Borrowing from Nietzsche's aesthetic dichotomy of Apollo and Dionysus, the book uncovers the protracted evolution of Burgess's fiction and offers a unifying theory which links his early postcolonial fiction chronologically, via his modernist experiments like A Clockwork Orange and Nothing Like The Sun, to his late classics Mozart and the Wolfgang and A Dead Man in Deptford.

This volume clarifies Burgess's seminal role as both late modernist and early postmodernist, and lucidly unveils the legacy of England's most mercurial novelist.
Autorenporträt
Jim Clarke is Senior Lecturer and Course Director of English and Journalism at Coventry University, UK. He is the author of the OUP bibliography of Anthony Burgess, and has written extensively on Burgess, James Joyce, JG Ballard, and Science Fiction. He is principal investigator on the 'Ponying the Slovos' project.
Rezensionen
"This is the most detailed study of Anthony Burgess's writing to appear in over twenty years ... . a balanced and thoughtful study that tackles its subject in depth and with detachment." (Simon Baker, TLS The Times Literary Supplement, the-tls.co.uk, December 18, 2018)

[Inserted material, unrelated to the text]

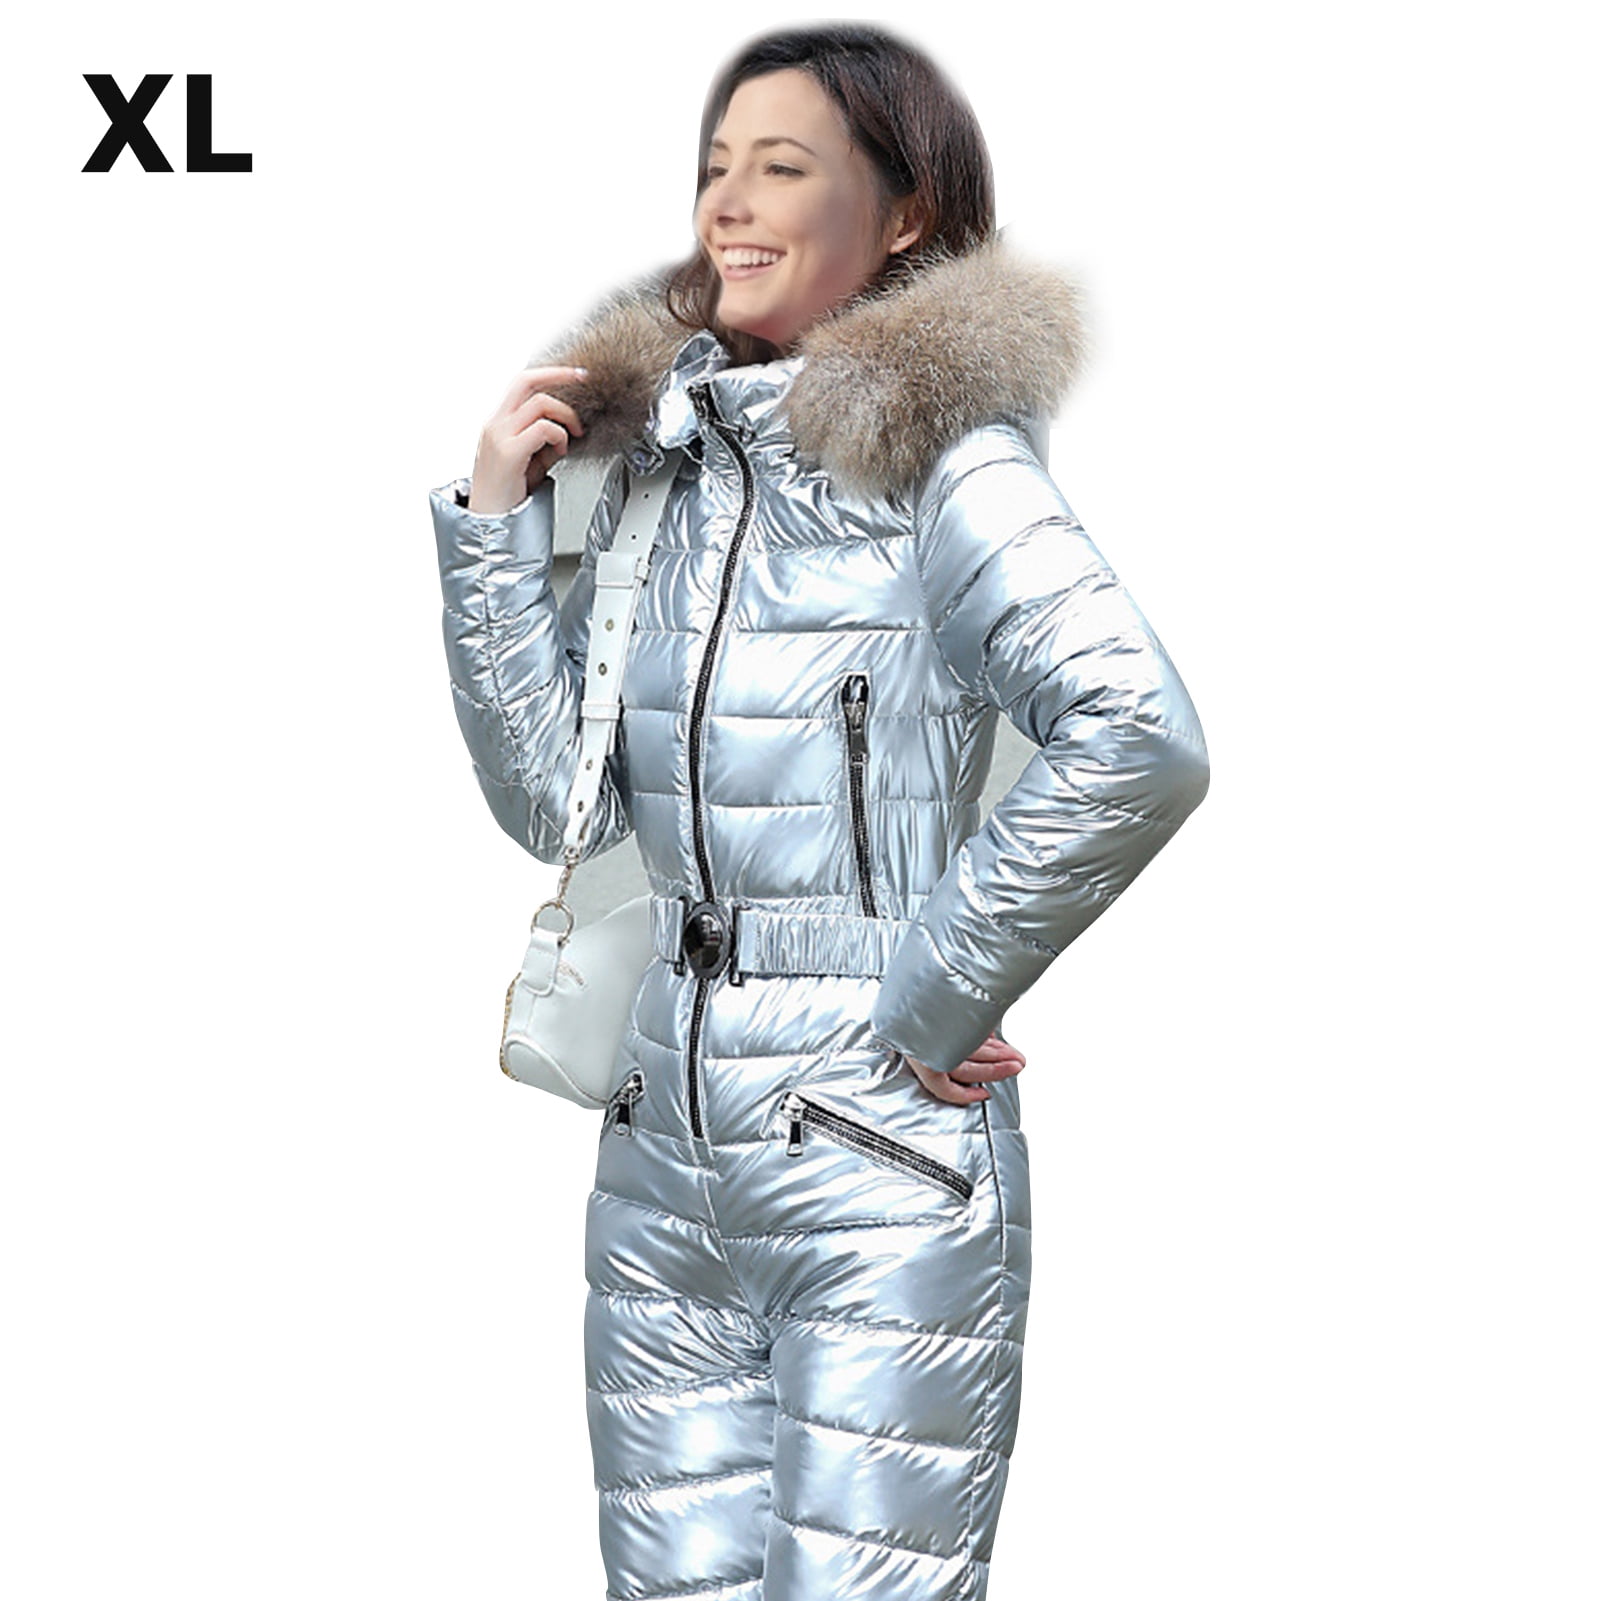 Winter Snowsuits Coat Skiing Romper Outfits with Hooded One Piece Jumpsuit Windproof Thick Warm Snow suit Ski Suits 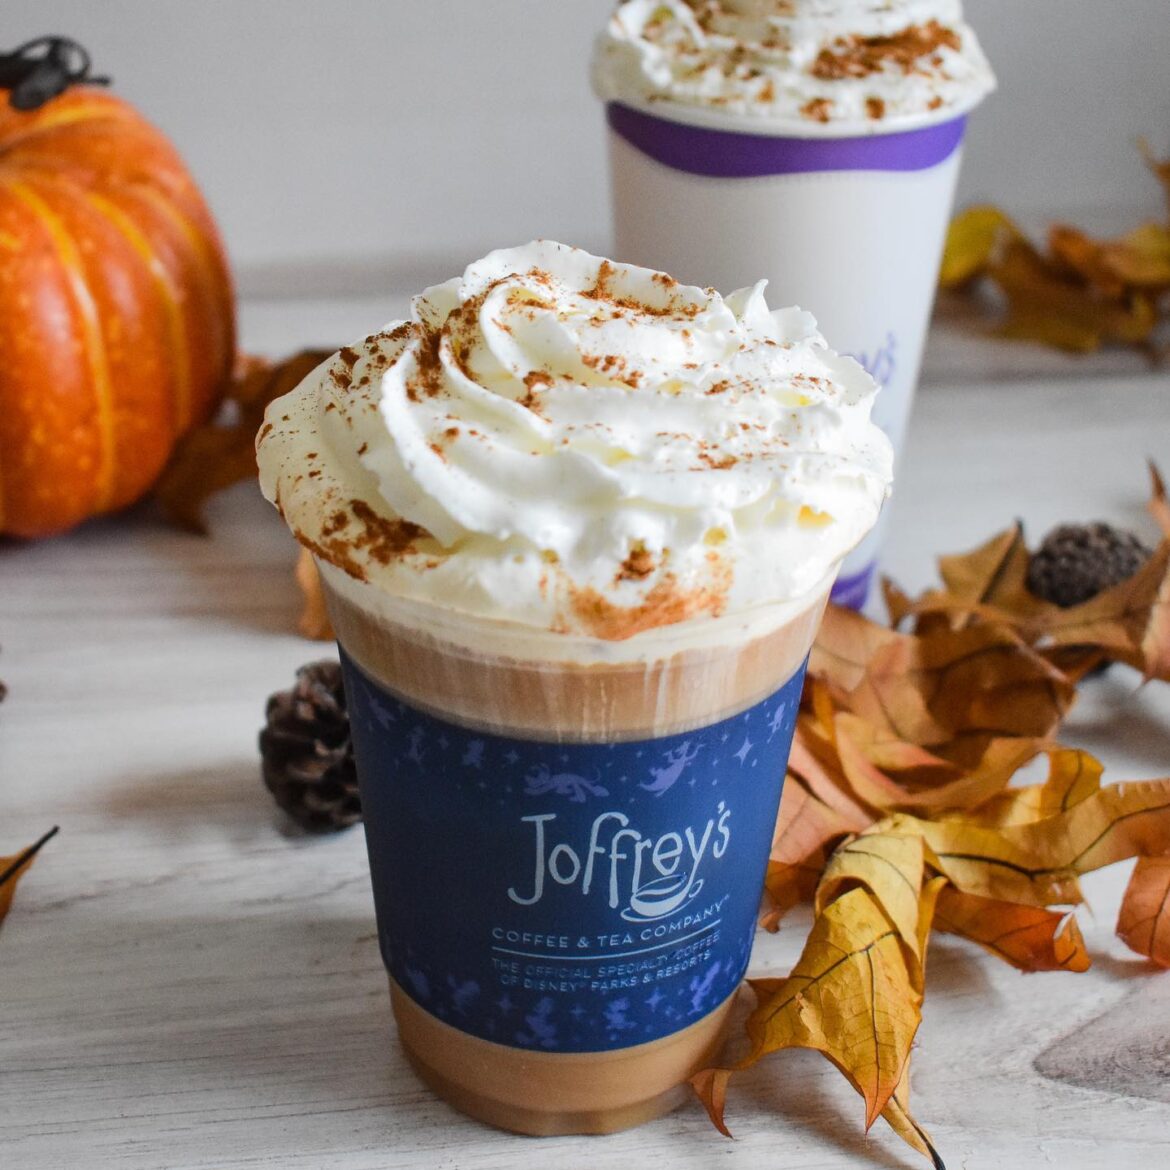 Fall Beverages are now available at Joffrey’s Coffee Location at Walt Disney World

"The Aesthetics of Anthony Burgess takes the very question of creativity and prolificacy as its core theme. By focusing upon the writer and composer characters who pop up everywhere in Burgess's novels, Clarke manages a survey of every major text and even gives a sense of shape to the whole, both conceptually and poetically." (Joseph Darlington, The Cambridge Quarterly, Vol. 47 (4), December, 2018)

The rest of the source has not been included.